On January 23, the Chairman of the Commodity Futures Trading Commission (“CFTC”), Rostin Behnam, announced in his keynote speech at the Commodity Markets Council’s annual conference that the CFTC “can play a role in voluntary carbon markets.” This is not the first time that the CFTC has publicly stated that it is considering its role vis-a-vis regulation of voluntary carbon markets (“VCMs”) or compliance carbon markets (“CCMs”), but it is the first time that the CFTC Chair has articulated a clear action plan for regulation. According to Chairman Behnam, carbon markets "must have integrity and adhere to basic market regulatory requirements."  

Chairman Behnam’s comments are significant for a number of reasons.

First, the comments confirm the CFTC's authority to “play a role” in VCMs because carbon itself, as well as carbon and other environmental offsets, credits and allowances, generally are considered “commodities” as defined in § 1a(9) of the Commodity Exchange Act of 1936 (“CEA”) and as explained in CFTC and Securities and Exchange Commission (“SEC”) guidance. As a “commodity,” transactions involving carbon or carbon offsets as VCMs are subject to CFTC’s anti-fraud and anti-manipulation enforcement jurisdiction. 

Second, because VCMs and CCMs are commodities markets, the CFTC not only “can” but is bound to police these markets pursuant to the CEA. In fact, a group of U.S. senators wrote to the CFTC in October 2022 directing the CFTC to take “concrete steps to implement rules governing the voluntary carbon offsets market, also referred to as carbon credits.” 

Third, commodities originating in VCMs and CCMs are now also traded as listed futures and options contracts on CFTC-regulated designated contract markets – i.e., commodity exchanges.
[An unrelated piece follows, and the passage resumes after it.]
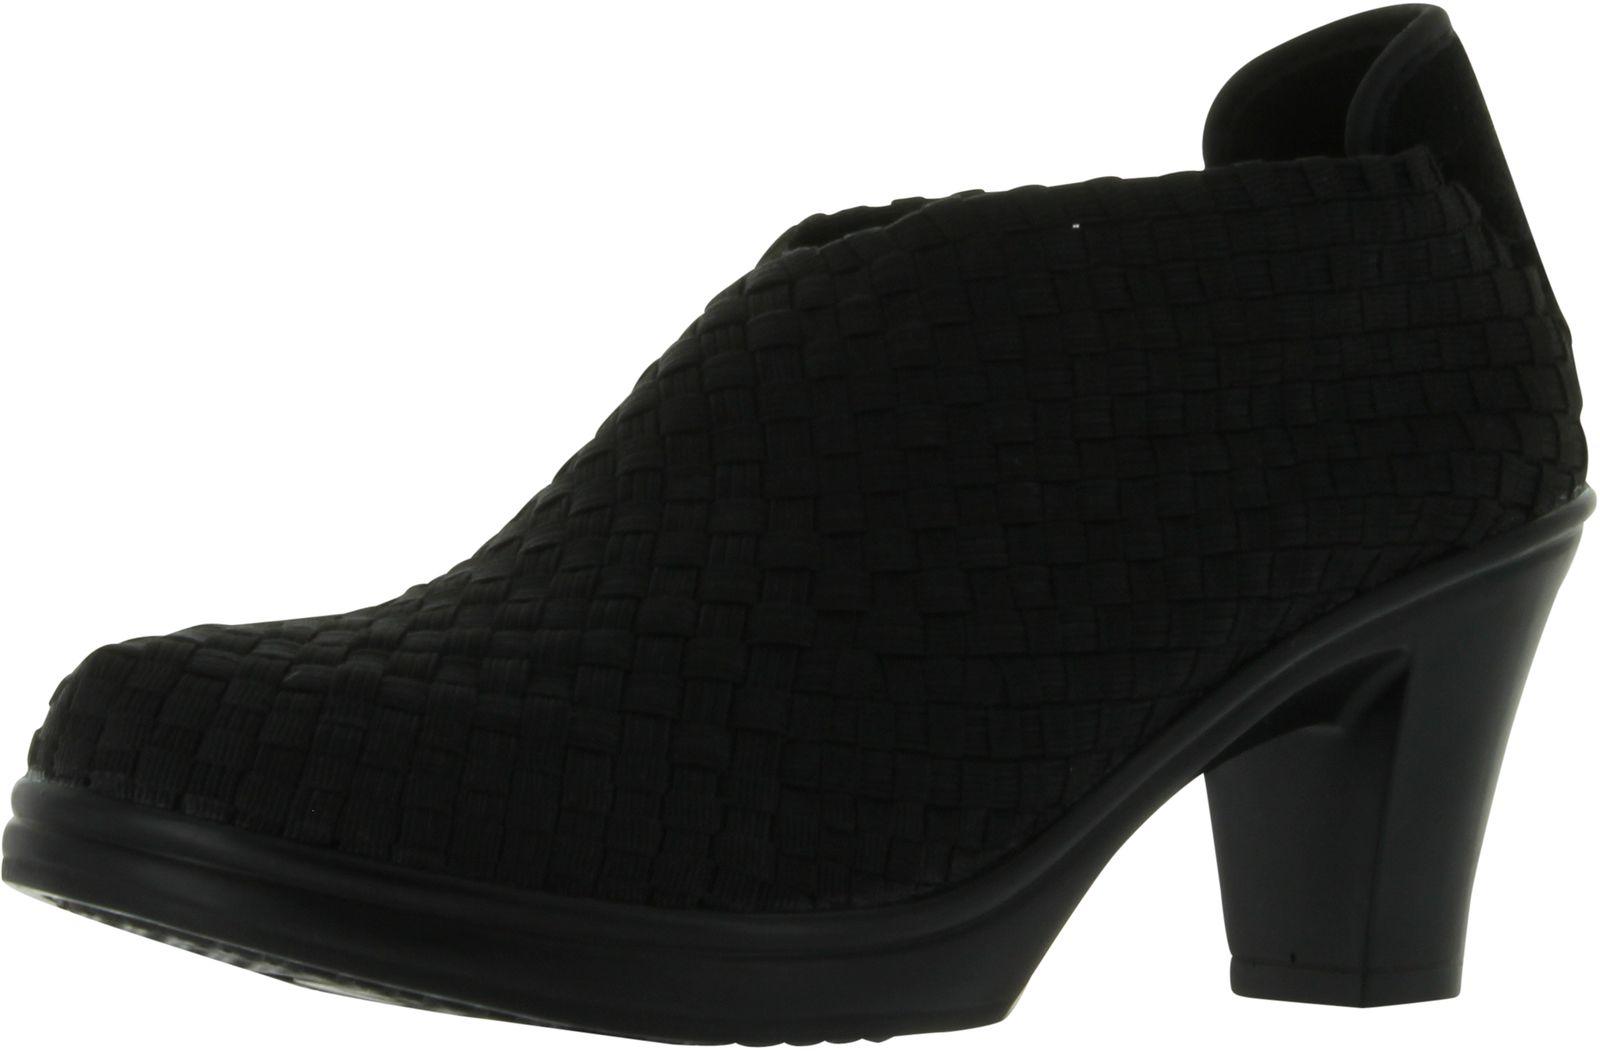 Bernie Mev Womens Shoes

For example, the CME Group lists futures on California carbon allowances as well as Regional Greenhouse Gas Initiative CO2 allowances, and the ICE and Nodal exchanges list futures on commodities also traded on VCMs and CCMs in the U.S. and globally. Because futures and options on commodities qualify as contracts for future delivery (such as derivatives), the CFTC under the CEA not only has a role but also exclusive enforcement authority in these markets. Indeed, Chairman Behnam states that in these markets the CFTC’s “responsibility is real.”
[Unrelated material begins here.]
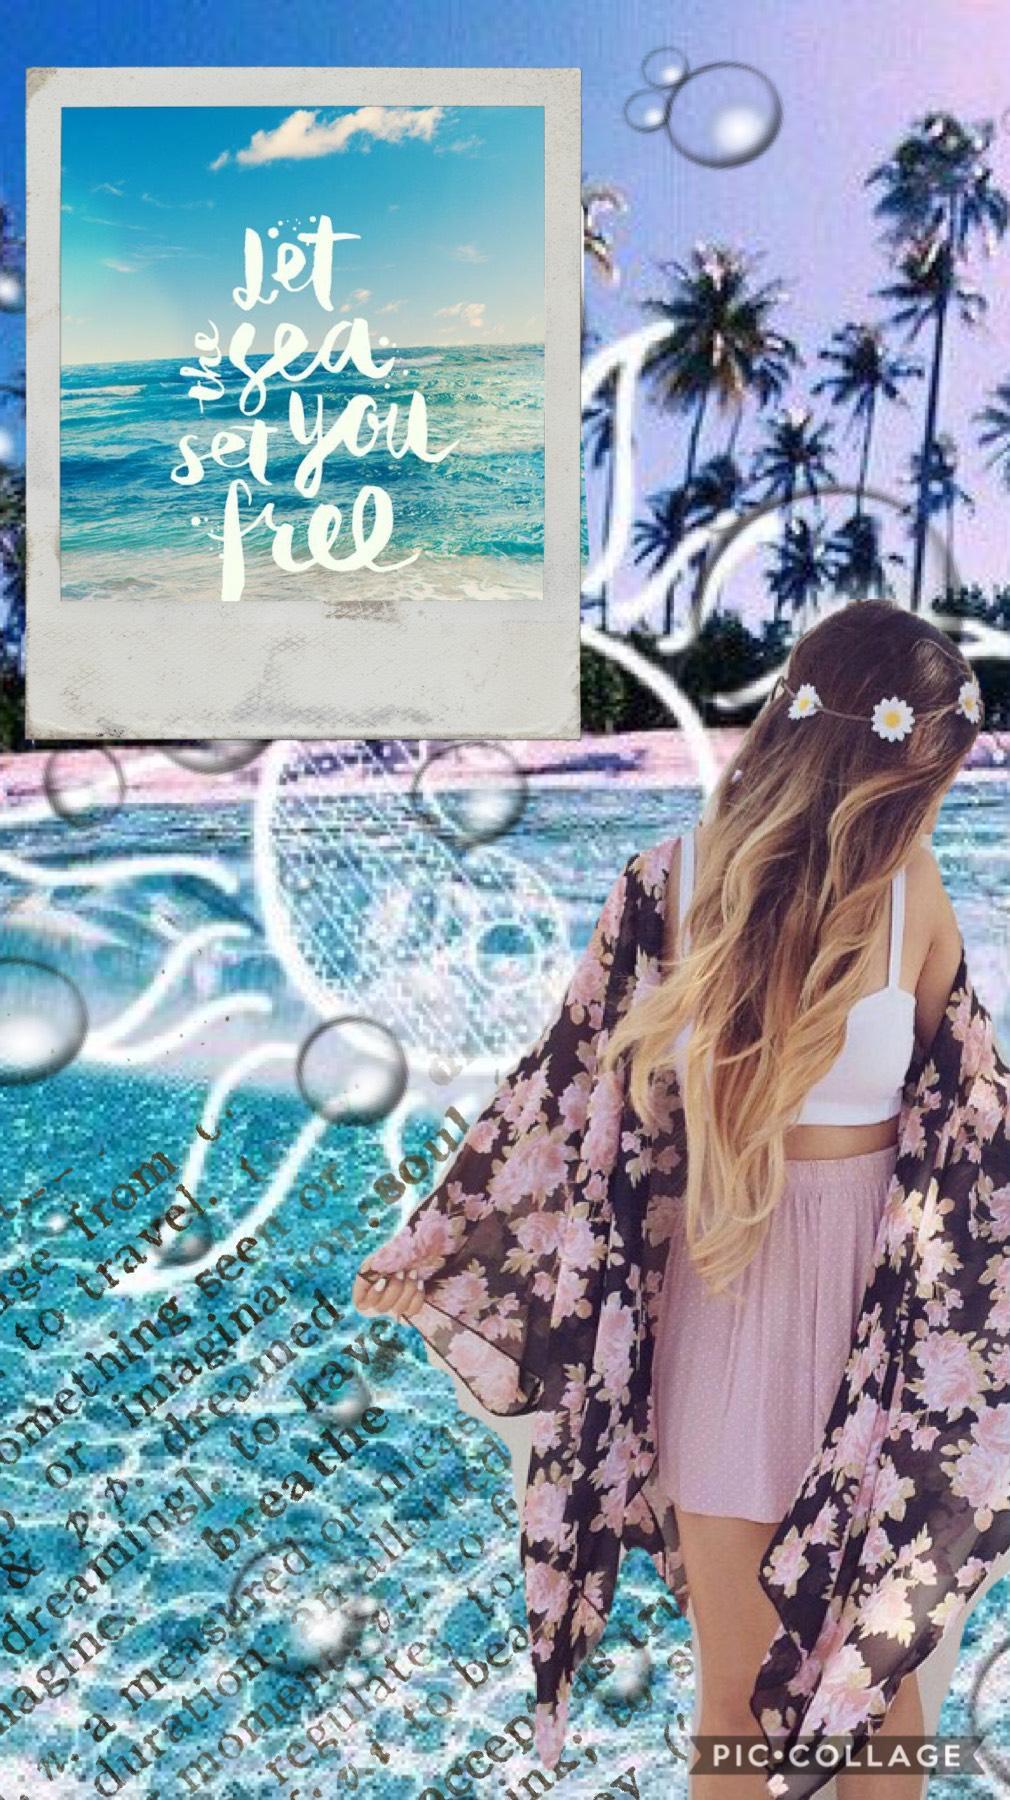 Collage by Xx_BlueLemons_xX

Fourth, in light of recent COP27 announcements, as well as the goals of the White House National Climate Task Force, the U.S. government will have to become more actively involved in further development of VCMs and CCMs, and the CFTC would have to play a key role in these efforts, especially if there will be some form of a national cap-and-trade scheme. The CFTC has already taken steps to define its regulatory role in these markets.
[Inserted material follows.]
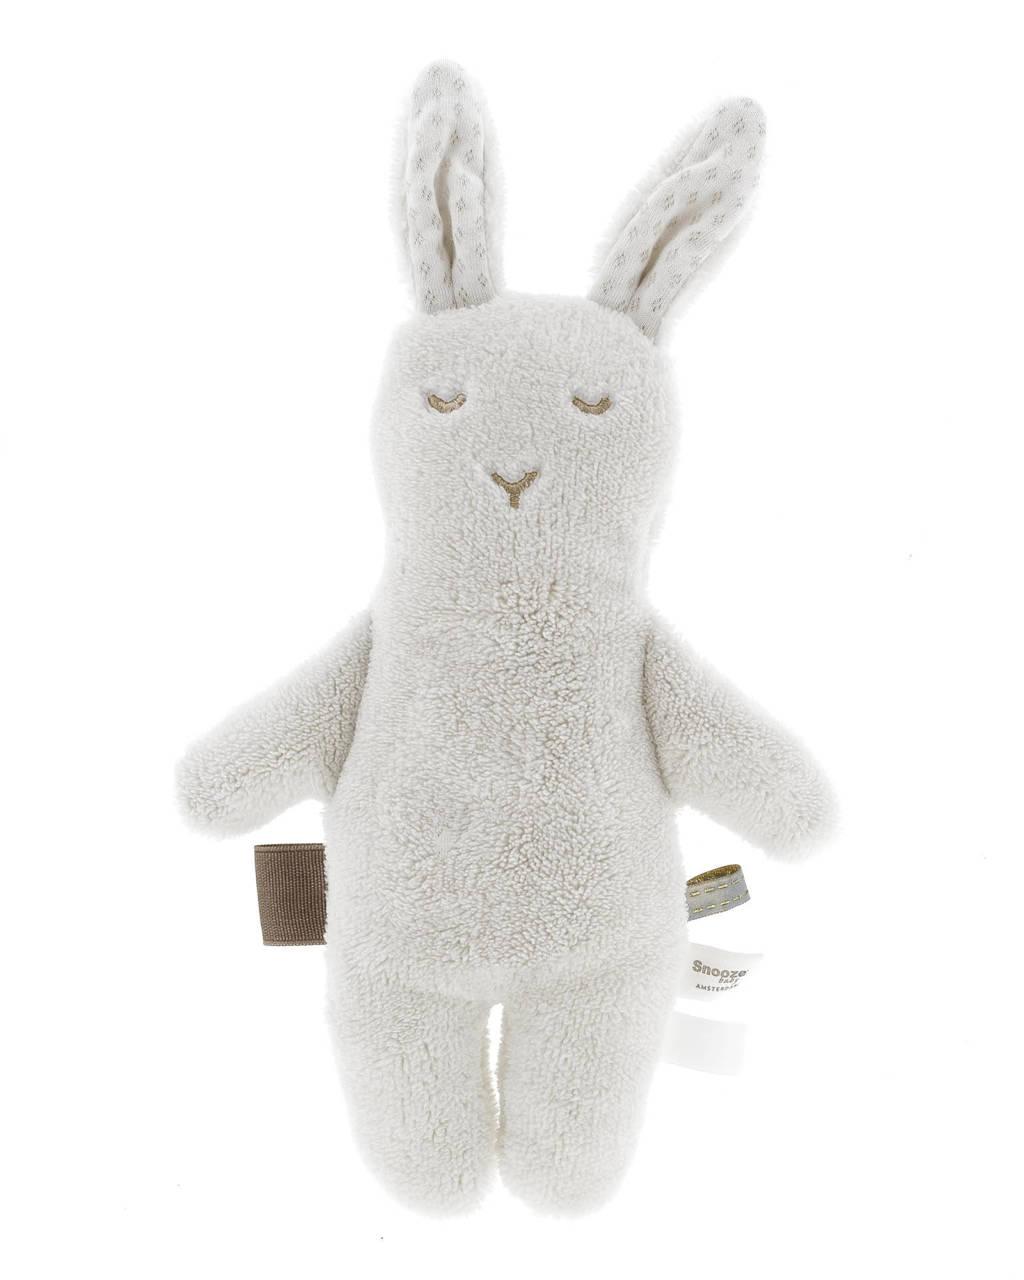 Snoozebaby konijn knuffel 30 cm, Grijs

So what does this all mean? There are two likely outcomes for the immediate future: (a) the CFTC’s division of enforcement will become more active in prosecuting fraud and manipulation in commodity or cash VCMs and CCMs (e.g., greenwashing, or fraud in claiming reduction in carbon capture or reduction), as well as in related exchange or OTC-traded derivatives markets, and (b) the CFTC will become more involved in regulation of these markets in the U.S. in coordination with other regulators and global initiatives (e.g., IOSCO).